I've been experimenting with the R package 'biglasso' for high-dimensional data. However, the results I'm getting don't match the results I get for the LASSO functions from 'hdm' or 'glmnet. The documentation for biglasso is also really poor.
In the example below, the results from hdm and glmnet are very close but not exact, which is expected. However, biglasso doesn't drop the 'share' variable. I've tried all the different screen settings, and it doesn't make a difference. Any thoughts on how to get biglasso to be more consistent with the others? Thanks!
EDIT: for a given value of lambda, the results are highly similar. But each method seems to select a different lambda.. which for hdm makes sense, given that it's intended for causal inference and isn't concerned with out-of-sample prediction. hdm uses a different objective function from Belloni et al. (2012), but I'm not sure why cv.biglasso and cv.glmnet would differ so much.

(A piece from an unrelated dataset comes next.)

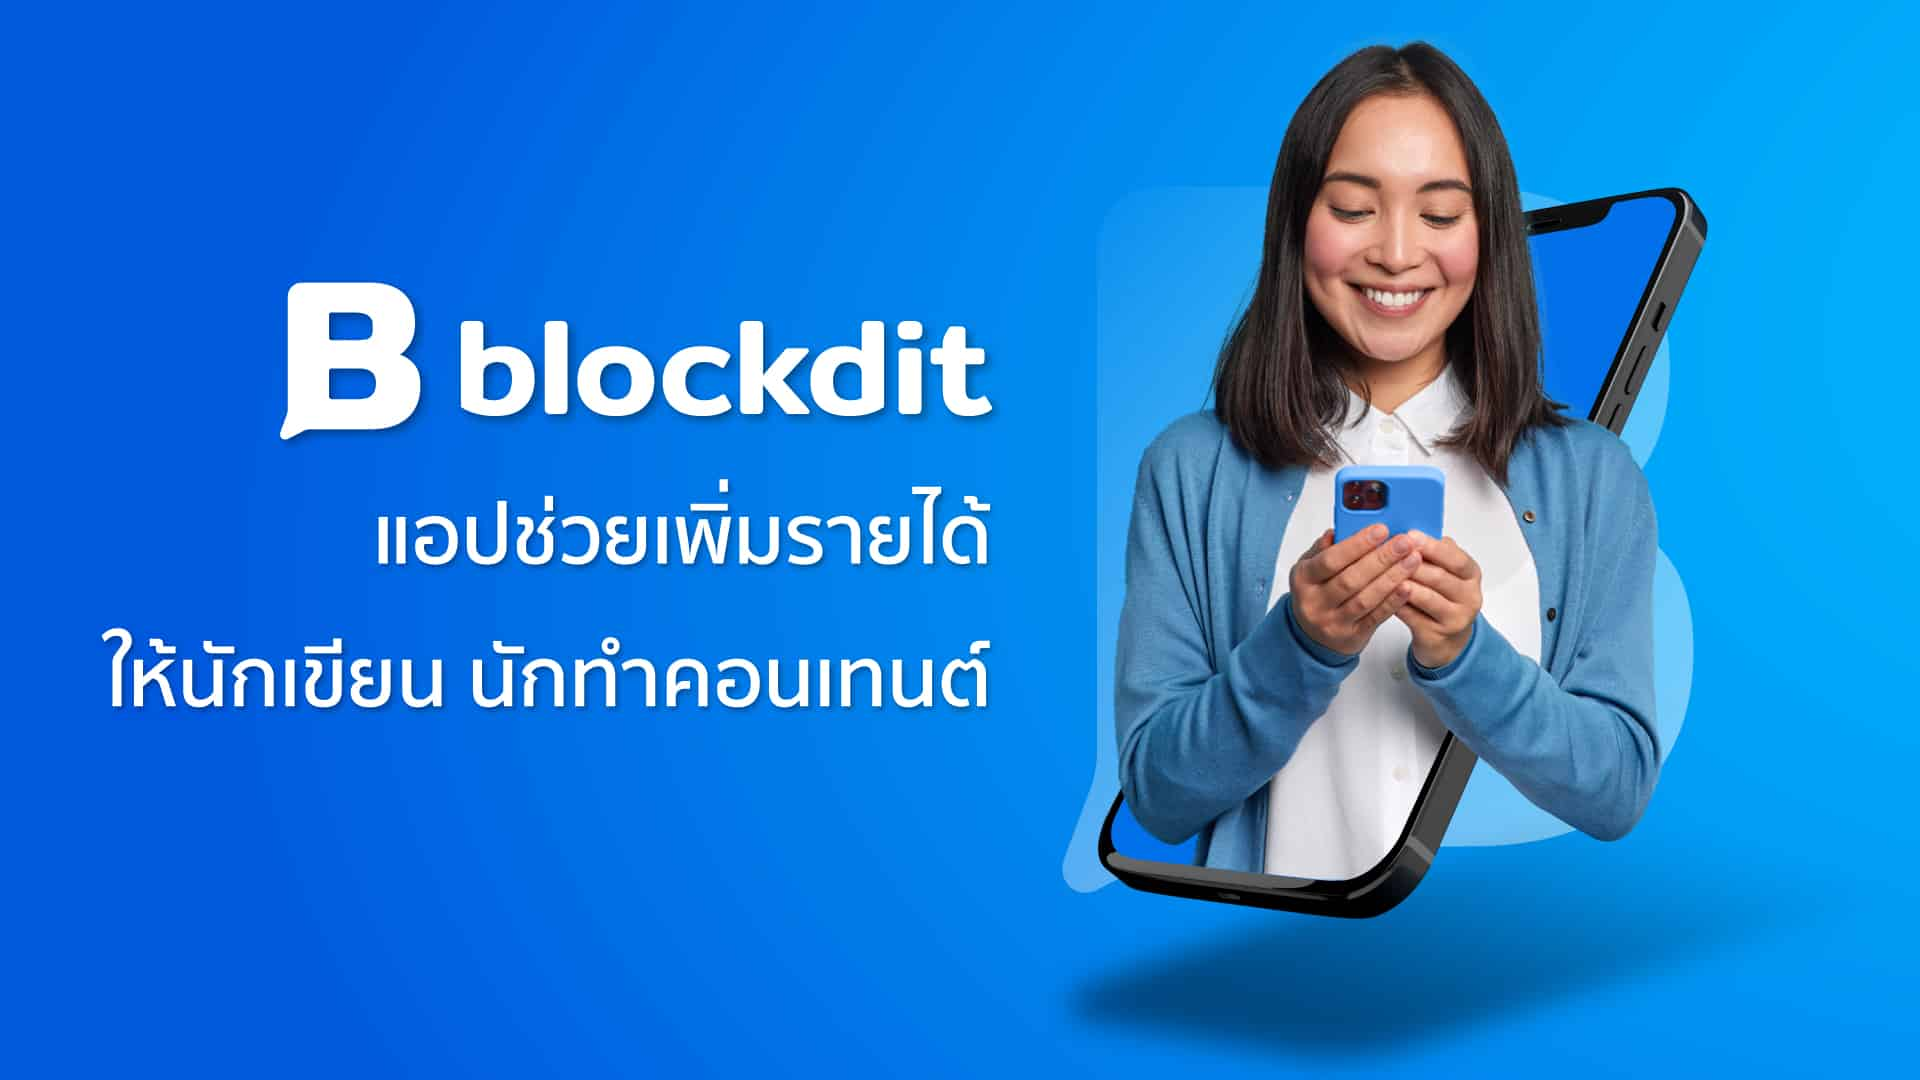 Blockdit แพลตฟอร์มที่ช่วยเพิ่มรายได้ ให้นักเขียน นักทำคอนเทนต์ ในยุคโควิด

If I run biglasso without a screening rule, they should be maximizing the same objective function just with random diffs in the CV folds, no?
EDIT 2: I've edited the code below to include F. Privé's code to make glmnet use an algorithm similar to biglasso, and some additional code to make biglasso mimic glmnet.
##########
## PREP ##
##########
## Load required libraries
library(hdm)
library(biglasso)
library(glmnet)
## Read automobile dataset
data(BLP)
df <- BLP[[1]]
## Extract outcome
Y <- scale(df$mpg)
## Rescale variables
df$price <- scale(df$price)
df$mpd <- scale(df$mpd)
df$space <- scale(df$space)
df$hpwt <- scale(df$hpwt)
df$outshr <- scale(df$outshr)
## Limit to variables I want
df <- df[,names(df) %in% c("price","mpd","space","hpwt","share","outshr","air")]
## Convert to matrix
df.mat <- data.matrix(df)
df.bm <- as.big.matrix(df.mat)
#########
## HDM ##
#########
## Set seed for reproducibility
set.seed(1233)
## Run LASSO
fit.hdm <- rlasso(x=df.mat, y=Y, post=FALSE, intercept=TRUE)
## Check results
coef(fit.hdm)
############
## GLMNET ##
############
## Set seed for reproducibility
set.seed(1233)
## LASSO with 10-fold cross-validation
fit.glmnet <- cv.glmnet(df.mat, Y, alpha=1, family="gaussian")
## Check default results
coef(fit.glmnet)
## Try to mimic results of biglasso
coef(fit.glmnet, s = "lambda.min")
##############
## BIGLASSO ##
##############
## LASSO with 10-fold cross-validation
fit.bl <- cv.biglasso(df.bm, Y, penalty="lasso", eval.metric="default",
family="gaussian", screen="None",
seed=1233, nfolds=10)
## Check default results
coef(fit.bl)
## Try to mimic results of glmnet
## Calculate threshold for CV error (minimum + 1 standard error)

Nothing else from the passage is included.